◆ What you have to do
The lines below, from the one holding "Fresh snowfall in" through the final line, are to be copied exactly, with no other lines and no pictures.

◆ Source material
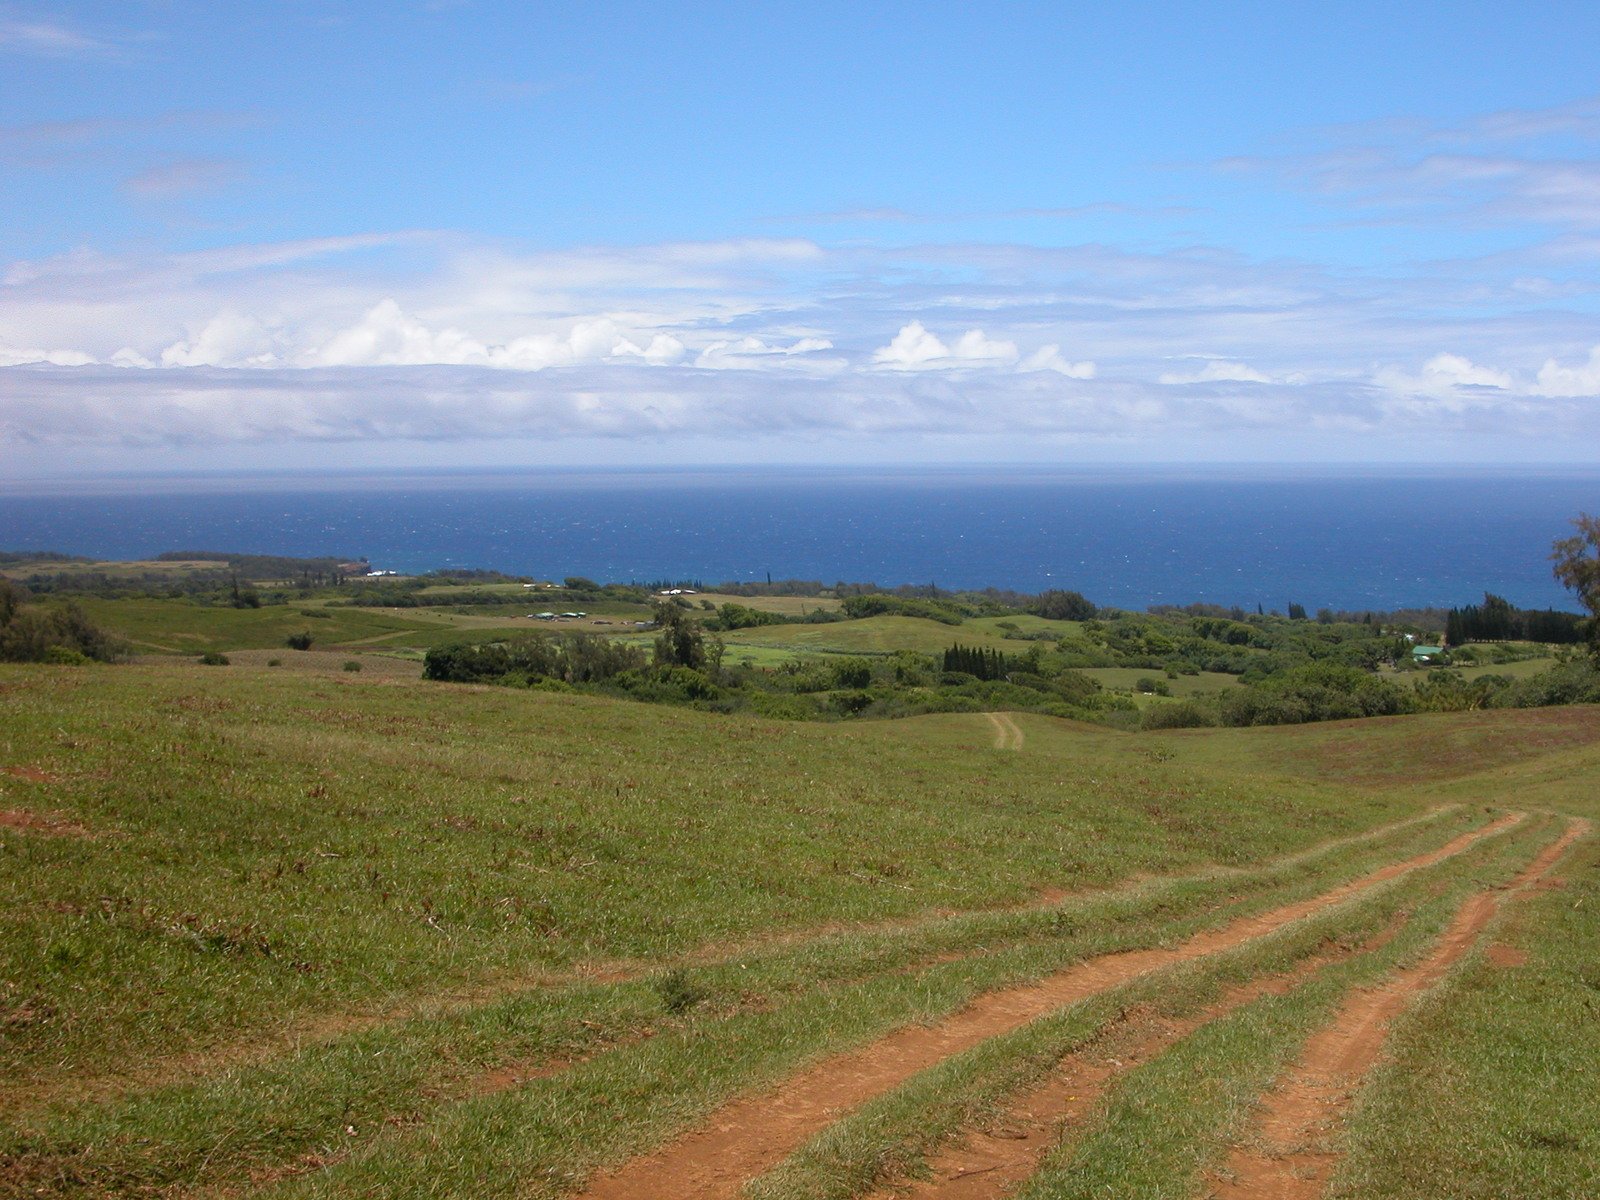 a dirt road through the field with ocean in the background
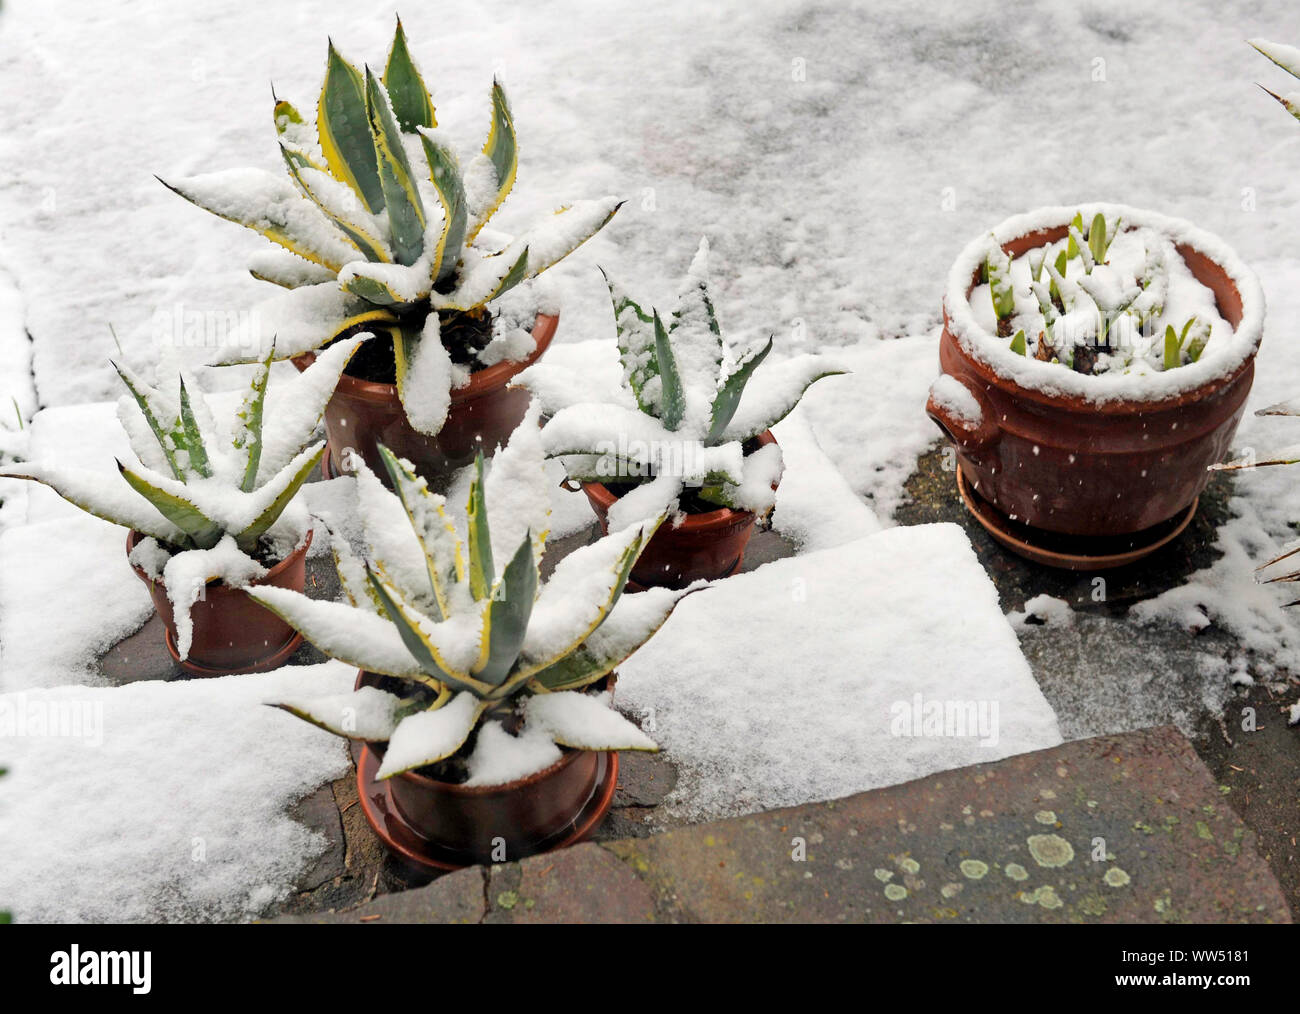 Fresh snowfall in postwinter covering the potted plants on the garden terrace Stock Photo
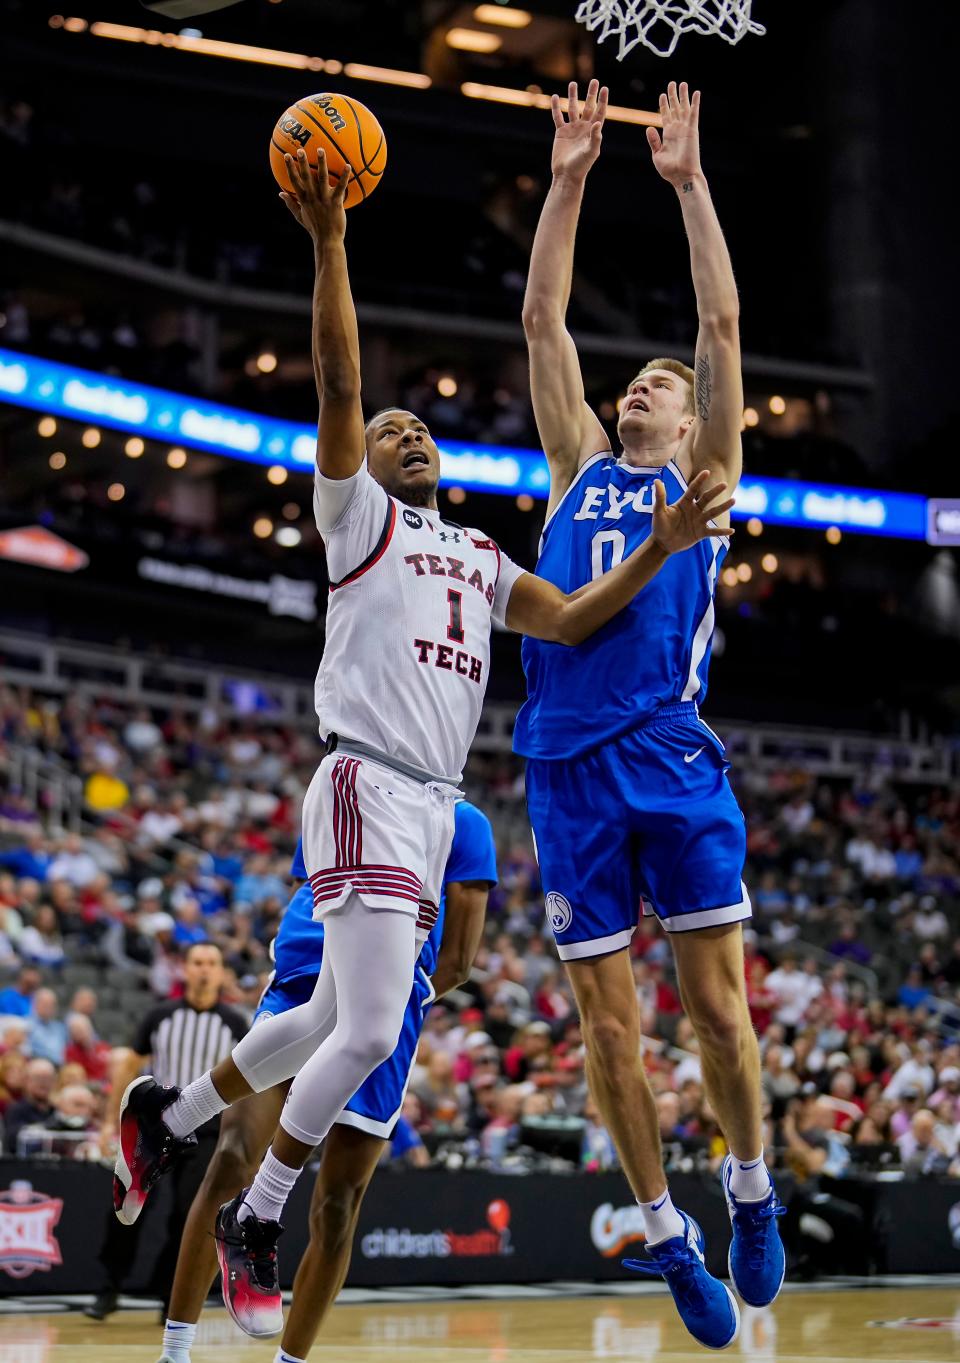 Lamar Washington #1 of Texas Tech shoots against Noah Waterman #0 of BYU during the first half of a quarterfinal game of the Big 12 Men's Basketball Tournament at T-Mobile Center on Thursday, March 14, 2024 in Kansas City, Missouri.
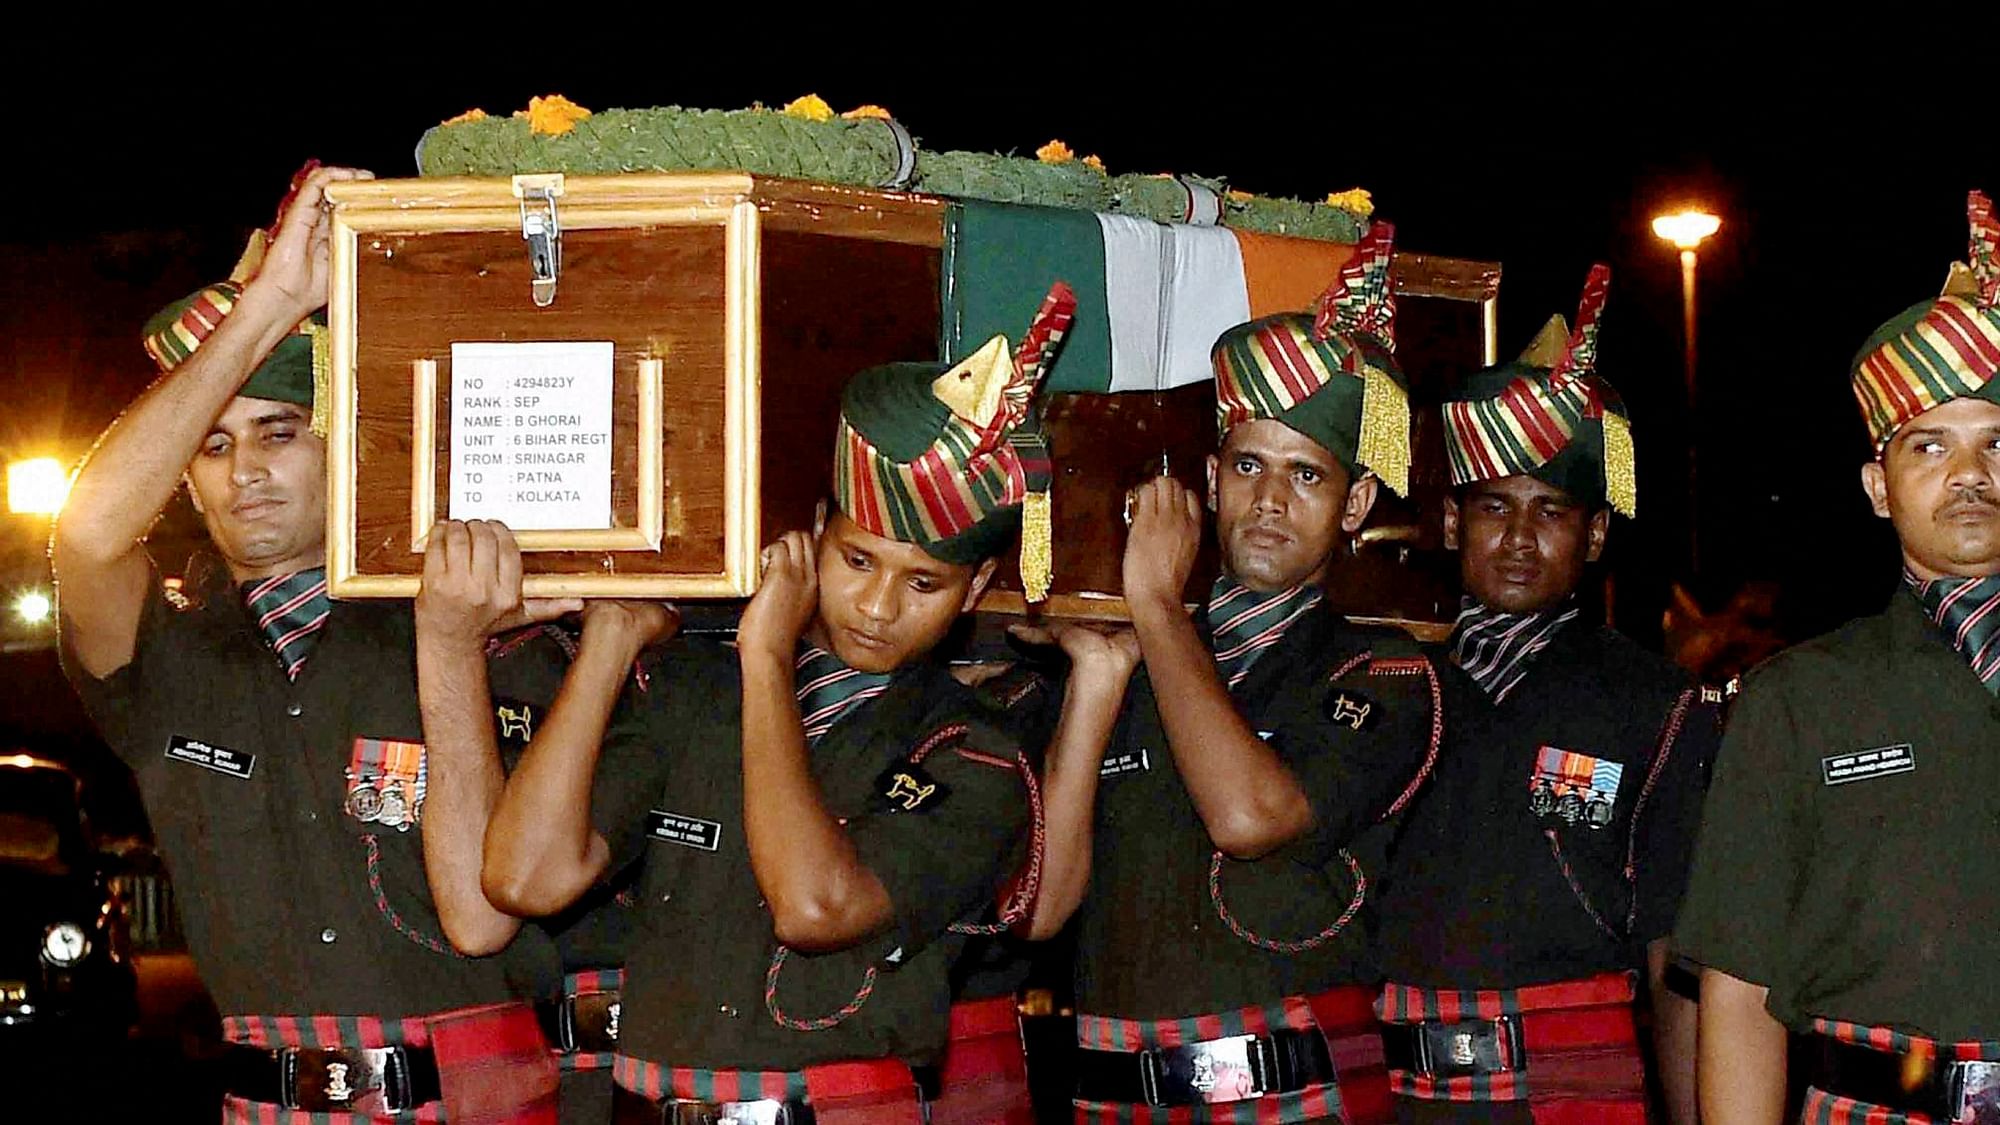 Army jawans carry the body a martyr killed in Uri attacks. (Photo: PTI)

◆ Exercise answer
 Fresh snowfall in postwinter covering the potted plants on the garden terrace Stock Photo
 Lamar Washington #1 of Texas Tech shoots against Noah Waterman #0 of BYU during the first half of a quarterfinal game of the Big 12 Men's Basketball Tournament at T-Mobile Center on Thursday, March 14, 2024 in Kansas City, Missouri.
 Army jawans carry the body a martyr killed in Uri attacks. (Photo: PTI)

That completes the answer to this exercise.